Expression and purification of ImGPS

HisF and HisH proteins were produced by heterologous gene expression in E. coli BL21 Gold (DE3) (Agilent Technologies). Strains containing the respective vector were grown in lysogeny broth (LB) medium (2–4 L) at 37 °C to an OD₆₀₀ of 0.6. Protein expression was induced after 30 min at 30 °C with 0.5 mM IPTG. Incubation overnight at 30 °C was followed by harvesting of bacterial pellets and suspension in either 50 mM Tris·HCl pH 7.5, 100 mM NaCl, and 10 mM imidazole (HisF) or 50 mM KP pH 7.5, 100 mM NaCl, and 10 mM imidazole (HisH). Proteins were obtained from the supernatant after sonication and repeated centrifugation steps. The majority of E. coli proteins were precipitated in a heat step (15 min, 75 °C HisF and 15 min, 70 °C HisH) and subsequent centrifugation. Proteins were subjected to nickel-affinity chromatography (HisTrap™ FF Crude column, 5 mL, GE Healthcare) and eluted with a linear gradient of imidazole (10 → 750 mM). Fractions containing the proteins were identified by SDS-PAGE analysis, pooled and further purified with a size-exclusion chromatography column (Superdex 75 HiLoad 26/600, GE Healthcare) by using 50 mM HEPES pH 7.5 and 100 mM NaCl as running buffer. Fractions were checked on SDS-PAGE analysis for > 90% purity, pooled, concentrated, and dripped into liquid nitrogen for storage at −80 °C.

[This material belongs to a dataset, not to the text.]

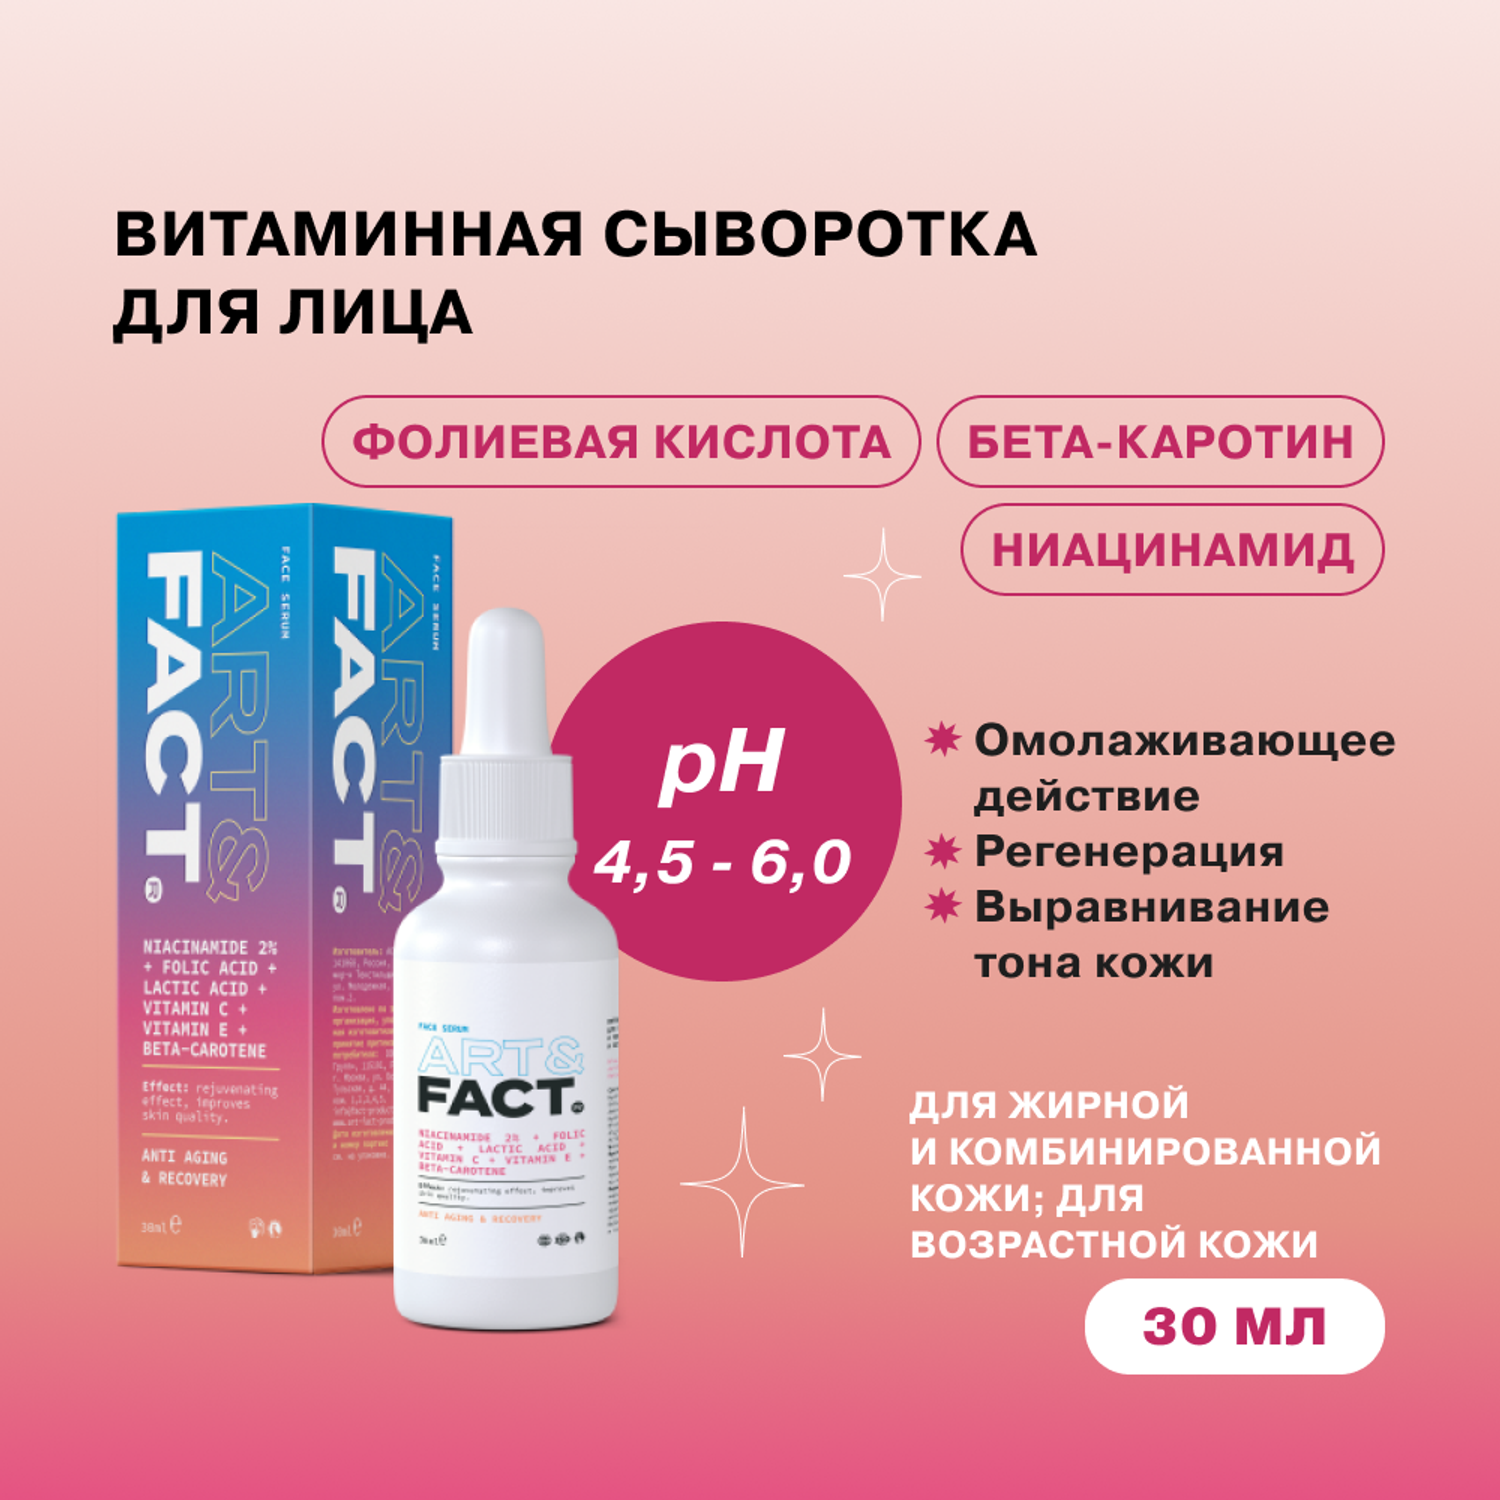 Сыворотка для лица ARTFACT. витаминная с ниацинамидом фолиевой и молочной кислотой витаминами и бета-каротином 30 мл - фото 2

For incorporation of UAA into HisF, a slightly adjusted expression protocol was used. After cotransformation of the pET28a vector, carrying the desired TAG codon, and pEVOL_NBY, pEVOL_AzoF or pEVOL_mNPK, respectively, into E. coli BL21 Gold (DE3), the strains were grown in LB medium (6 L) at 37 °C to an OD₆₀₀ of 0.6. Then, bacterial pellets were harvested by centrifugation at room temperature and suspended in terrific broth (TB) medium (600 mL). Bacterial growth was resumed to an OD₆₀₀ of approximately 10 at 37 °C and incorporation was induced by addition of 1 mM UAA and 0.02% l-arabinose. Omission of IPTG turned out to be favorable for expression of UAA-HisF proteins, as higher yields could be obtained in its absence. Cultures were incubated overnight at 30 °C and proteins were purified as described above.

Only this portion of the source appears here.